Eu tinha tudo pra assinar meu login de @chato no
carnaval do Rio, fazer um instagram blasé para qualquer programa. Ah vou não,
quero não, posso não... Passar carnaval longe de Recife, mesmo sendo um
consciente descansar na Patagônia, é de se fazer chorar por dentro para
qualquer recifense, até para os que não bebem.
Entretanto, após um sábado de bloquinhos enfadonhos
nas proximidades do Centro do Rio, recebo um convite de conhecer um bloco novo
no meu quente e cervejeiro bairro de Vila Isabel. Chato por chato é melhor ser
chato a pé, em vez de se implorar por táxis vazios em cada esquina. Assim como
morar perto do trabalho: há sempre uns 15 minutos embaixo do seu travesseiro. Por isso, sabotei, um pouquinho só, o começo do domingo do carnaval da minha
mulher que, por eu estar chato, chata estava. O Ministério da Saúde se diverte:
Chatice contamina e pode virar epidemia. Ao se chatear, como médico e místico,
recomendo-lhe se desenchatear o mais rápido possível com exercícios
introvertidos de mantra – como lavar a pliha de louças da farra da véspera,
banho frio, duas doses de qualquer garrafa, ou 45 min de exercício aeróbico,
mantendo-se uma frequência cardíaca maior que 100. Senão... senão pode se cair
em esquecimentos de chaves, carteiras e celulares, pequenos furtos e ódios
exacerbados num trânsito nem tão engarrafado assim.
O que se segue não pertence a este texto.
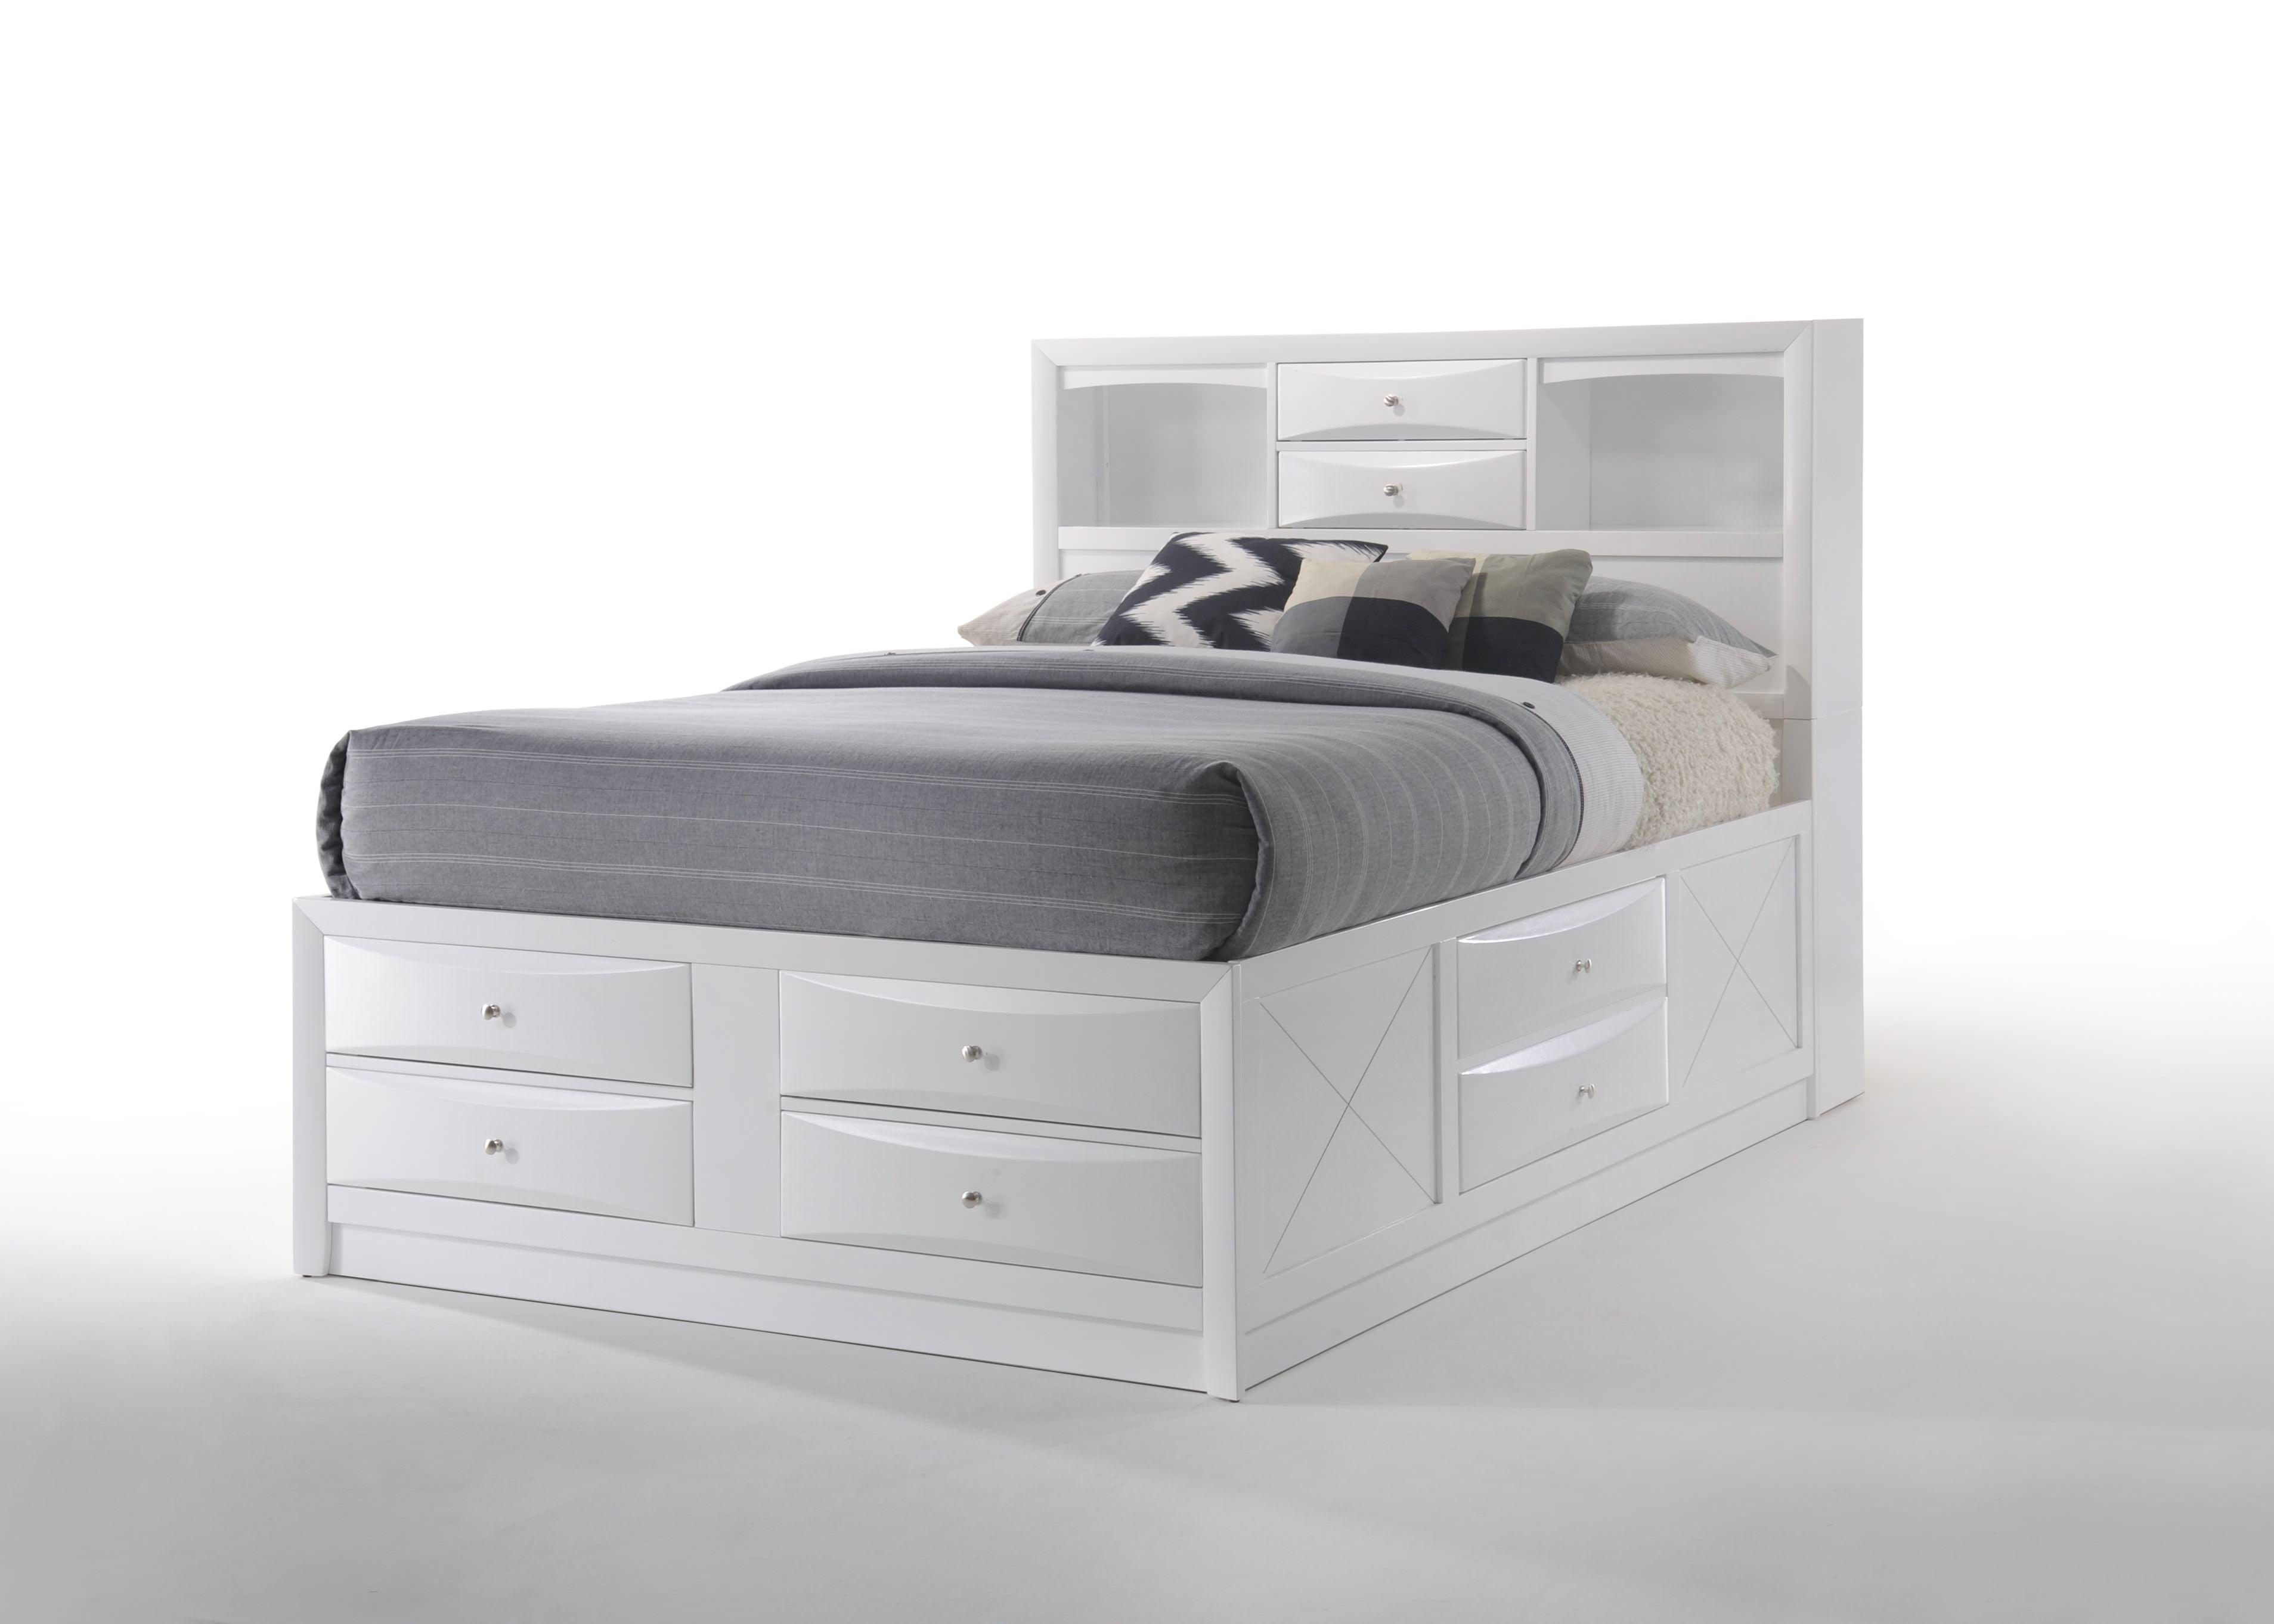 Elegant Full-Size White Wood Frame Storage Bed with Bookcase Headboard

Chegando à praça Barão de Drummond, vejo uma
instalação diferente do dia anterior de carnaval em que para se ouvir os dois
saxes e o trombone teria que se desligar a abafada caixa amplificada da
guitarra do Noites do Norte (aliás, a ideia pega que nem virose e é claro que
eu preciso frequentar a festa de vocês, que se enche com as pérolas do Pará).
Na Praça de Vila Isabel, o Barão de Drummond estava com headphone Bose Noise-Canceling,
ou seja, dava ótimo para ouvir os agudos do baixo com uma cerveja na mão num
lugar aberto. E para não bastar estavam tocando Smoothie Criminal na base do Morro dos
Macacos acompanhados de uma bateria de escola de samba, praticamente uma UPP Social.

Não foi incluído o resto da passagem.